Adada her şeyin kaydı tutuluyor, her şey için izin alınıyor. Örneğin 'coco-taxi' dedikleri, (fotoğrafını gördüğünüz) iki kişilik, son derece şirin motosikletli taksileri var.
Bunlardan birine bindiğinizde şoför durumu defterine kaydediyor. Polis taksiyi durduruyor ve şoförün kaydı yapıp yapmadığına bakıyor. Özetle Küba'da her şey devletin denetimi altında. Ama...
***
Küba, ABD ambargosuna karşı Sovyetler Birliği ile ittifak halindeydi. Sovyetler gerektiğinde Küba mallarını dünya fiyatlarının üstünde satın alıyordu. Ancak Sovyetler 1990'ların başında dağıldı. Bu durum Küba'yı da vurdu. Ve yönetim iki önemli tedbir aldı: 1) Yabancı şirketlerle ortaklığa gitti. 2) Turizme ağırlık verdi.

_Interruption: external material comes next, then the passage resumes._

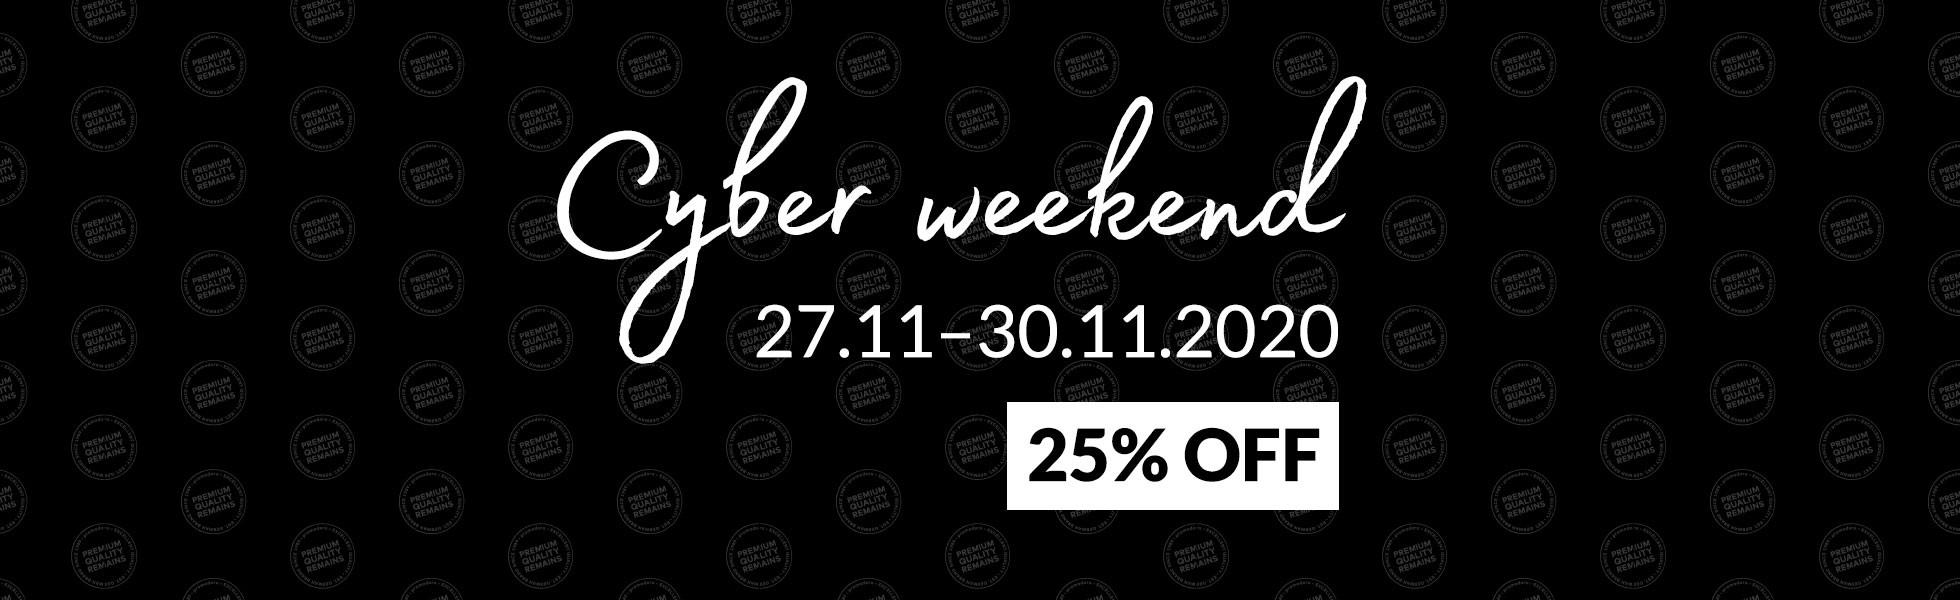 Cyberweekend - 25% discount

Sonuç: Küba bugün fahişe kaynıyor. Sadece erkekler değil, çok sayıda orta yaşlı Avrupalı kadın ve gey de seks satın almaya gidiyor.
Katmerli bir 'acı' var burada: Sadece ekonominin çökmesi fahişeliği artırmamış... Her şeyi denetleyen devlet, fahişeliğe açıkça göz yumuyor. Örneğin kimi barlarda 'üniformalı' çiçekçiler, cüzdanı şişkin 'tonton amca'ya eşlik eden çıtır kızlara metazori çiçek aldırıyor.
Küba devleti istese bugünden yarına fuhuşa son verebilir. Ancak bu kararın turizmi bitireceğini bildiği için üç maymunu oynuyor.
Not: Bir okurumuz dünkü yazım üzerine esprili bir mesaj göndermiş. Şöyle: "Mohitodaki 'nane'den başka ne 'nane'ler yedin Küba'da? Açıkla; yoksa biz açıklarız ona göre."
Hemen cevap vereyim: 1) Siyahlardan haz etmem. 2) Küba'ya eşimle gittim!